Reproachless wrought, twining the slender thread
From the light distaff; or, in the skilful loom,
Weaving rich tissues, or, with glowing tints
Of rich embroidery, pleased to decorate
The mantle of her lord. And it was well;
For in such sheltered and congenial sphere
Content with duty dwells."
The great veneration for home, and love for its pursuits and associations, grew weaker and weaker as the state exchanged a popular government for the reign of military dictators and kings. In the Augustan age, though instances of female virtue, nobility, and culture are not few, we find from the scanty records of female history of those times extant, which, indeed, are merely incidental, that woman is less often the ideal of self-sacrificing worth and of retiring modesty, less noted for her attachment to her family, her home, and her domestic pursuits, less careful in the training of her children, than formerly. In earlier times, no Roman matron coveted the infamous character of a masculine conspirator; no Roman woman left her quiet hearth disgracefully to insult the remains of a murdered citizen; no Roman woman had instigated a civil war, or proscribed her victims for assassination.
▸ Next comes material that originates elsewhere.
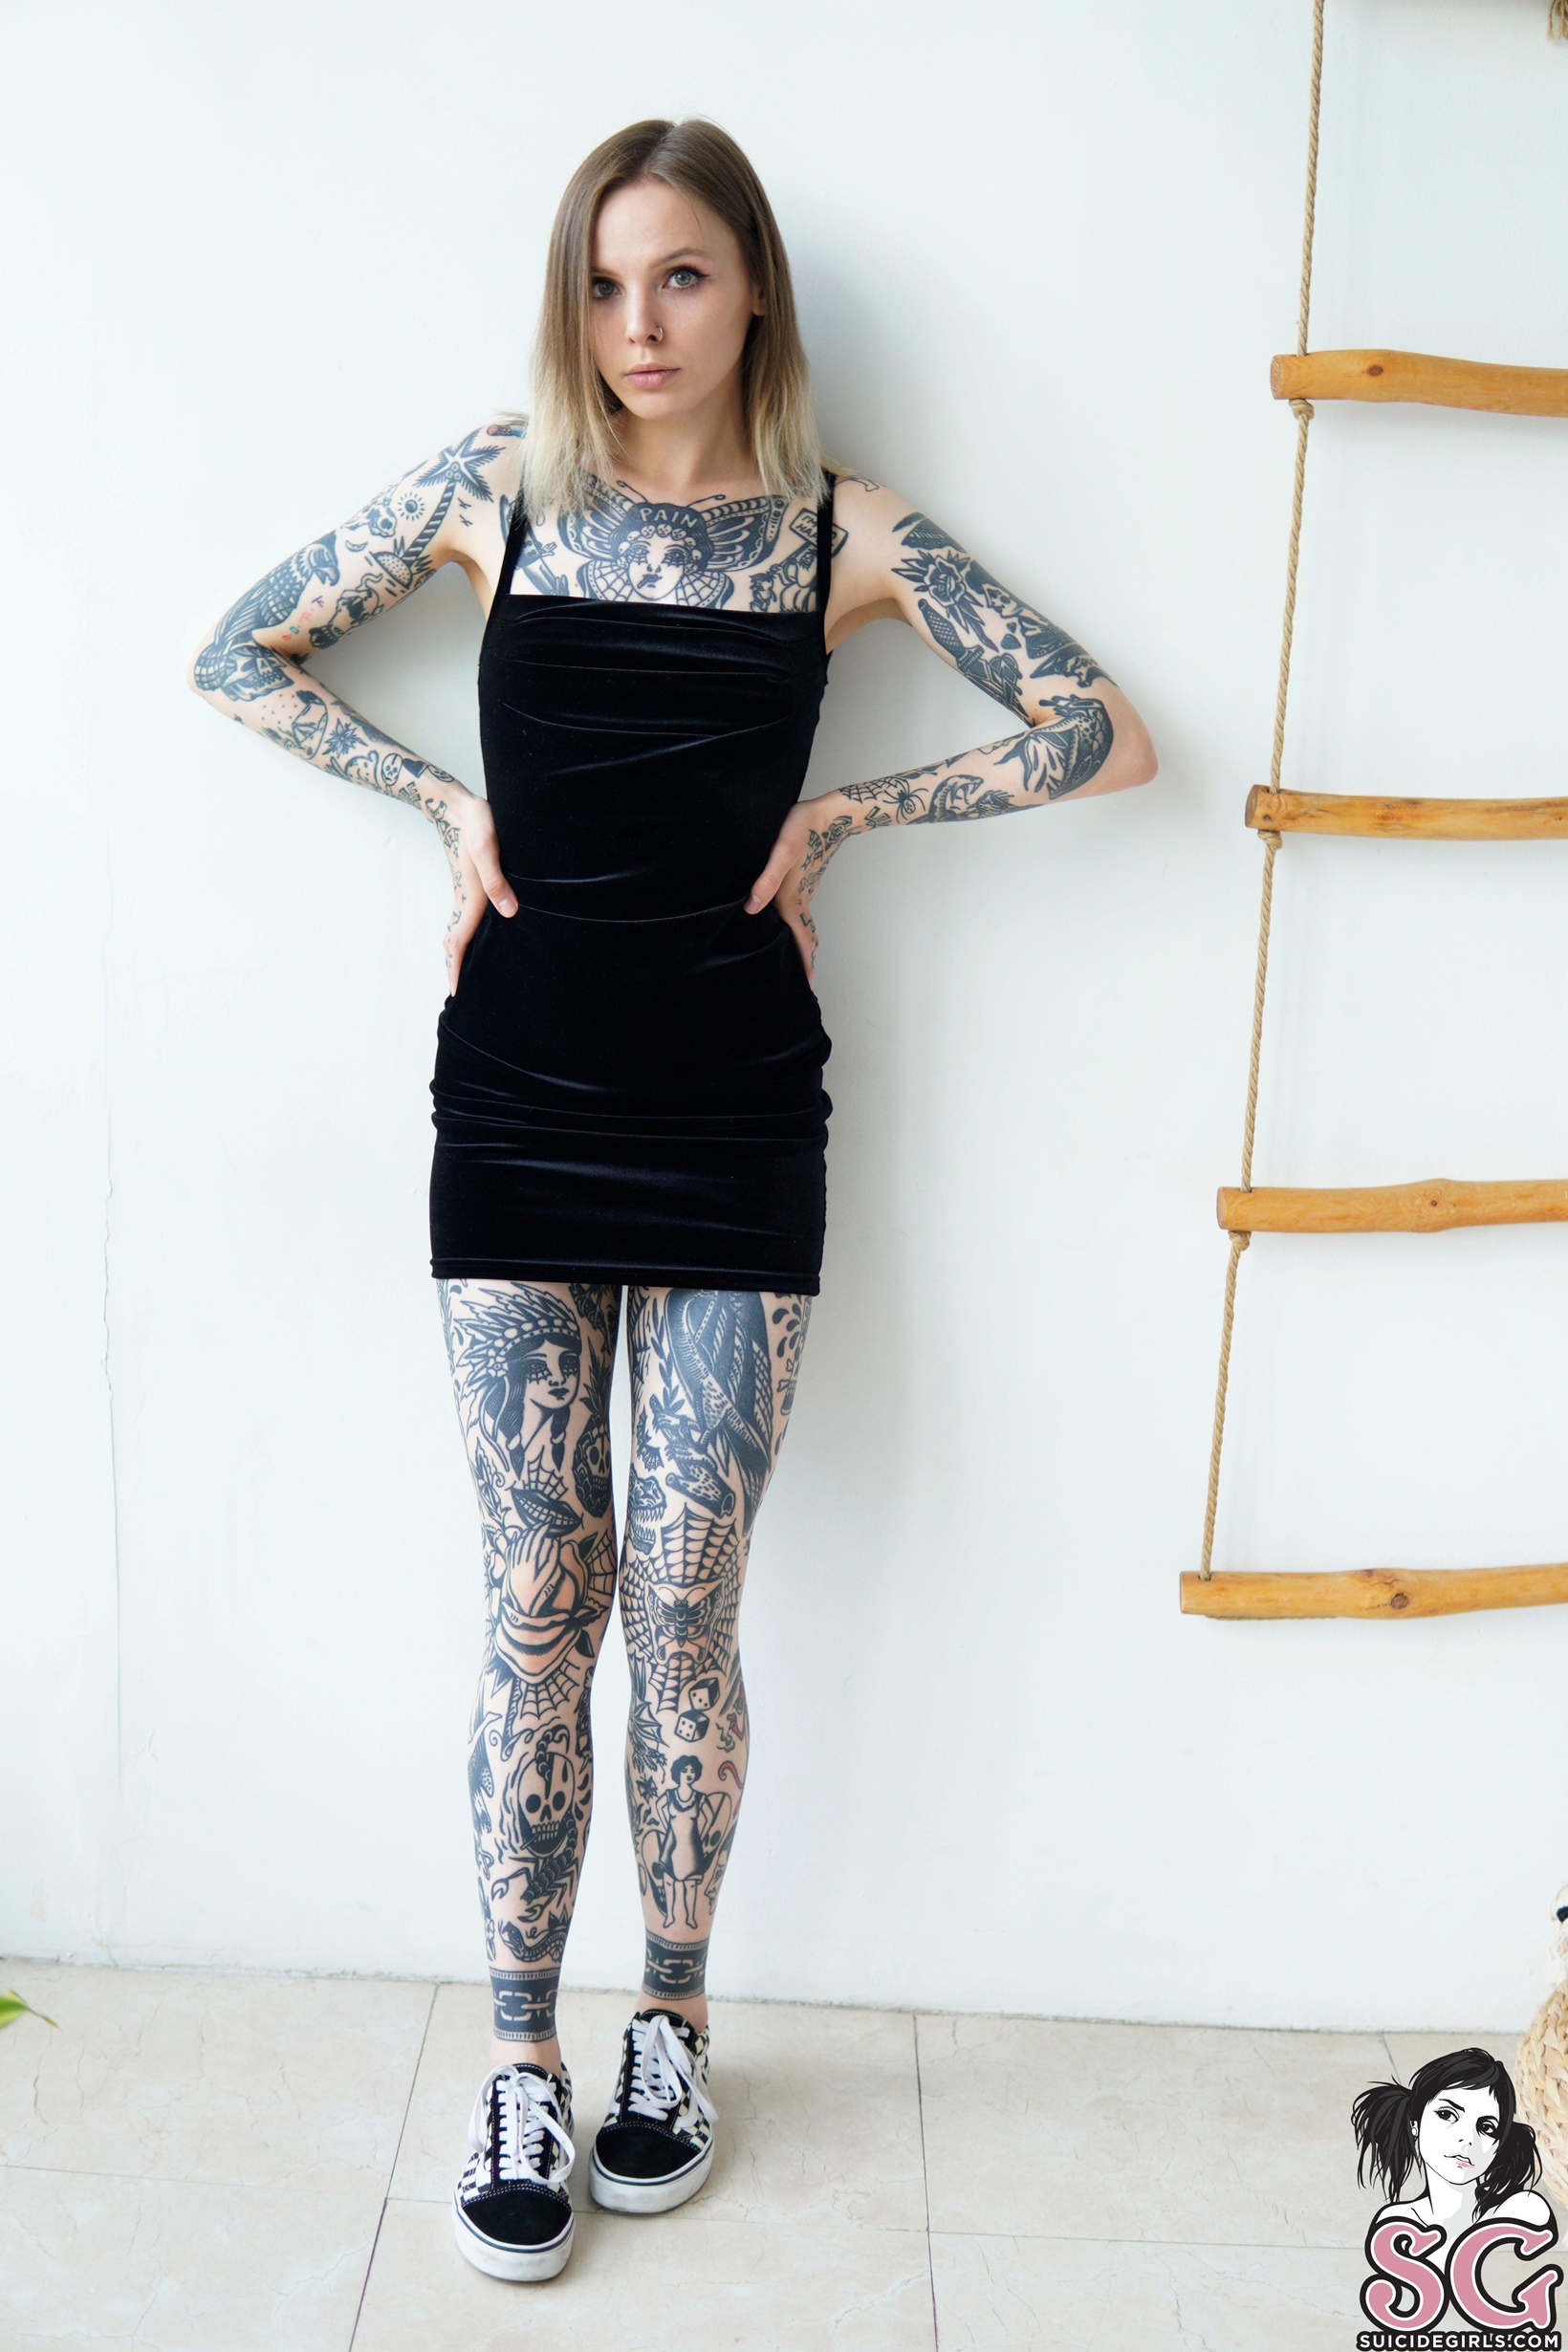 Inked Girls Tattoo Portrait Display Women Model Women Indoors Sneakers Black Dress Bare Shoulders Lo 1640x2460

Fulvia, the ambitious wife of Mark Antony, did all this. After the assassination of Clodius, she raised a sedition. Imitating, or rather out-rivalling the cruelty of her husband, she joined in his proscriptions, that Roman blood might flow by Roman hands still more freely. After the great Cicero had been slain in a spirit of the most relentless and vindictive cruelty, and his head brought to Antony, Fulvia took it on her knees, broke out in a torrent of cowardly and abusive epithets on the character of the deceased, and then, with the most fiendish inhumanity, pierced his tongue with her golden bodkin. During the absence of her husband in the East, she not only endeavored to stir up insurrections, but sold the government of provinces and decreed unmerited triumphs. What an eternity of infamy should be hers for such deeds as these! What an example in the wife of a ruler for the imitation of an empire! When such a spirit actuates the female mind, when coupled with ambition, recommended by beauty and intelligence, and supported by power, it is sadly to be deplored. That ambition which at any time induces woman to step beyond her sphere, to take upon her shoulders masculine responsibilities, to take part in political struggles and sectional wrangles, to usurp the places and duties of those who were created and destined to cherish and protect her, it is, for her own sake, to be regretted. Such attempts are not only pernicious in their influence, but they tend to render those unhappy who make them. Such are the results of our reflection and observation, and such is the lesson taught by impartial history.
In the life of Fulvia, however, we do not get a fair representation of the female character of her time, but merely some of its tendencies. A spirit of insubordination to the laws of place and the rules of decorum; an overweening ambition that steps without household limits; assumption of power far beyond the reach of female duties; arrogance and haughtiness from the high official station of the husband; vindictive cruelty to avenge a fancied or a real wrong; prodigality and masculine pride, oftener perceptible in this age than formerly—were unmistakable indications of its character and tendencies. Yet the picture was not altogether sad, though at various points dark shadows were visible. Here and there the heaviness of the prospect was relieved by the most delightful views and cheering lights. The wife of the second Brutus is portrayed by the great limner of human character, in "Julius Cæsar," as worthy the beautiful tribute bestowed by her husband.